Sunday, June 26, 2011

From "iPad" To "iDisciple"

The other day I went to my son’s “Student Led Interview” to see how he was doing in school. They used to call these things “Parent Teacher Interviews.” You remember those days don’t you? When the parents and the teacher got together and talked about your progress. Apparently this former way of doing things was all wrong as students may have felt “bullied” so now we have students there to defend themselves. Heh…The old way seemed to work but who am I to question these new psychological paradigms.

So, I found out in this “student-led interview” that my son was struggling in some area of school. We were shocked because we had never heard this before but even more shocked when the teacher turned to my son right there and asked him for a possible solution!
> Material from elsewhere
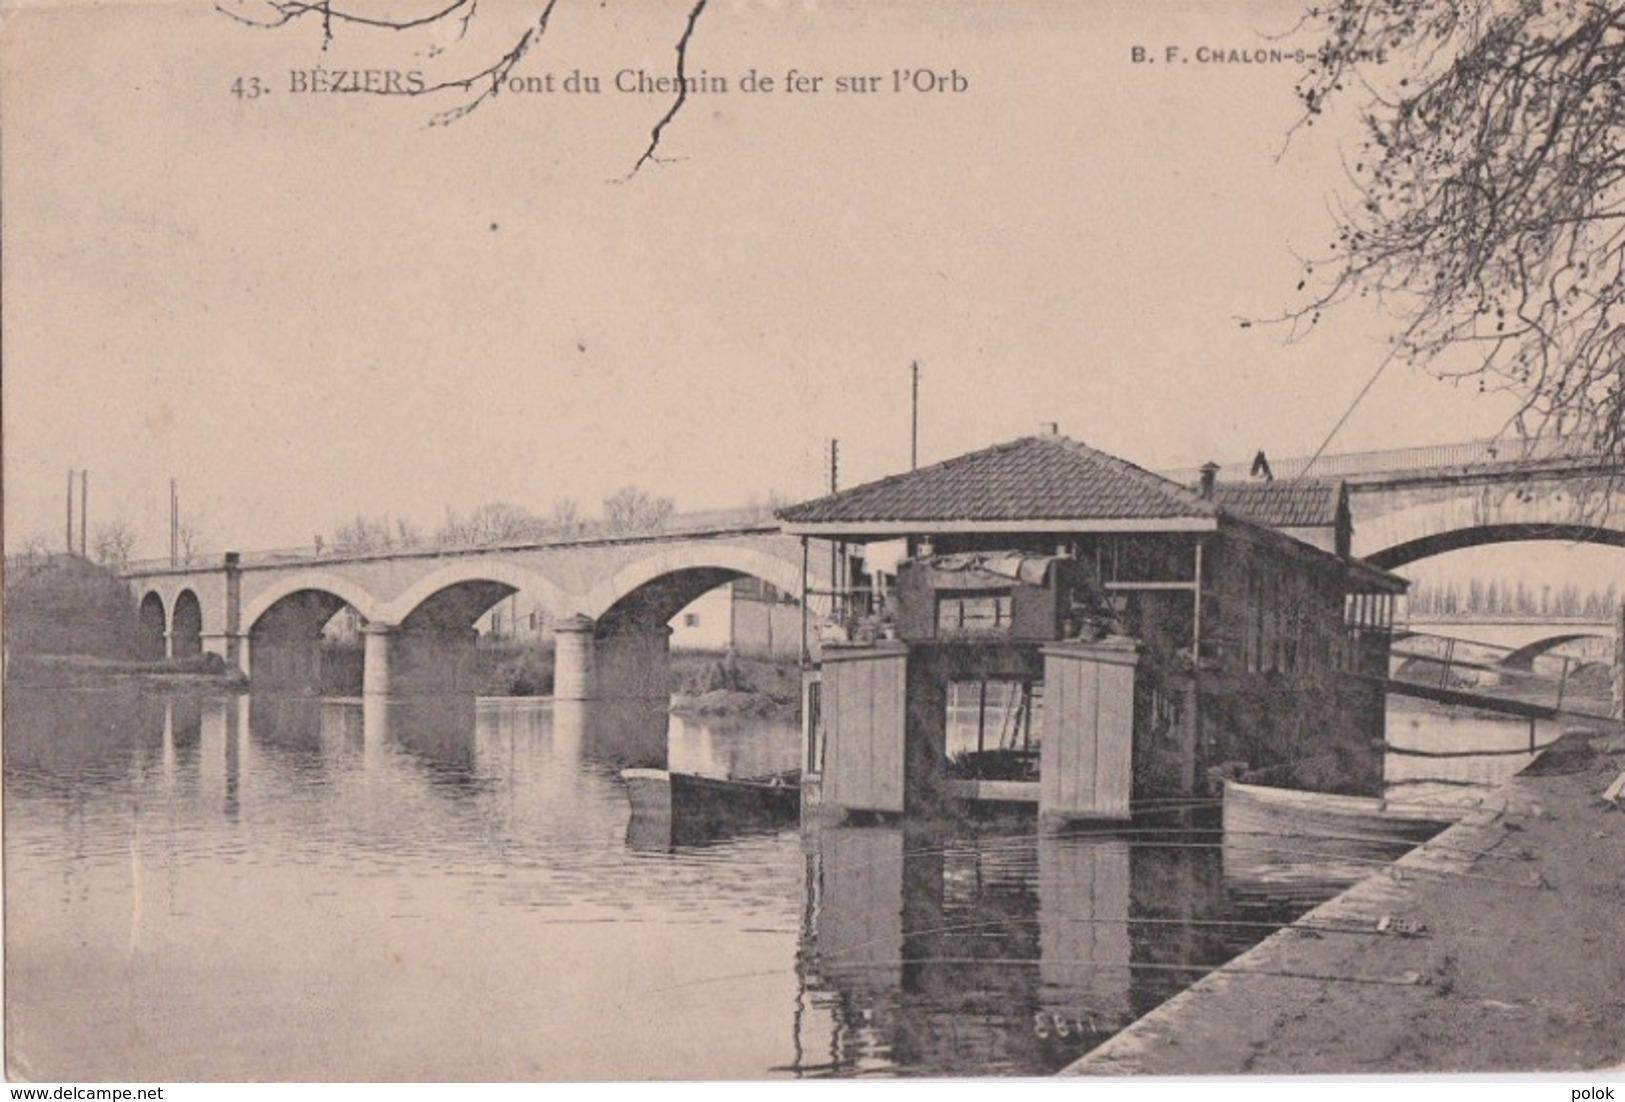 Bv - Cpa BEZIERS - Pont Du Chemin De Fer Sur L'Orb - Beziers

He sat there drawing a blank. You might as well have asked him to solve an advanced math problem. He had no clue - because he is six years old! I find it laughable that he was supposed to solve this problem. That is why he is in school, because he needs teachers to teach him! How can he solve a problem if he has never encountered it before?

Here is the thing; I fear that this mentality maybe creeping into the church when it comes to discipleship as well. There is a line of thinking that attempts to “customize ones experience with God.” The idea is to ask a new Christian what they would like to see happen in their spiritual life much like a trainer would ask someone what they want to accomplish with their gym membership. The disciple then plans their own course, determines their own outcomes and goes about to fulfill their own intentions. Great idea, but not biblical and could actually stunt their spiritual growth.

My experience is that most Christians struggle to understand what a relationship with God is supposed to look like. That is not a put-down, just a reality.

There is a dangerous line of thinking creeping up in the church that places the individual in charge of their own spiritual development and worse, their own measuring rod of spiritual success. If I think I am growing than I am - right? Perhaps I need someone to speak into my life and tell me that I am focused on the wrong things or my theology is way off base. But as long as we make the individual the sole determiner of spiritual development then they determine if they are growing or not. The whole “iPray” and “iFaith” rip off from culture doesn’t help matters either. What is next?- The “iDisciple” program that is all about you?

Don’t get me wrong, “iPads” are great and I will get one soon. But, when using a friend’s recently, I did get the sense that the world is customized and formed all around me the individual rather than having something that I need to adapt to. What if discipleship is having to adapt my thinking and way of life to something transcendent and almighty? We have all heard the joke about the boy who shoots arrows at the barn wall and then goes and paints targets around them. By doing this he shoots a “bulls-eye” every time. Perhaps letting people customize their own discipleship sets them up for a similar fate.

The most spiritually forming times of my life were when someone rebuked me or showed me something about God that I had never known or seen before. It was times that I was pushed to read something that I might not have chosen naturally, or the times I begrudgingly went on a service project only to find my life by losing it. How does an individual’s plan allow for that? Perhaps, we need to somehow allow for the individual to be part of the process but not in charge of the process.

What if we saw spiritual formation and discipleship as a submission? What if we saw it as trusting someone to tell me the things I need to know and not presuming that I already know them? Paul unashamedly and repeatedly came out in is letters and said, “Follow my example.” Or “Put into practice what you saw me do.” Even though our postmodern North American minds are offended by this perceived arrogance, this modeling and mentorship is the biblical way. What would it do to your faith this week to say, “follow my example?” Or better yet, what would it do in the community of faith to see these mentoring relationships all throughout?

I don’t know about you but, I need someone older, wiser and more spiritually mature than me to say like the Apostle Paul, “Follow my example.” So what about you, are you plotting your own course spiritually or are you letting others more mature speak into your life?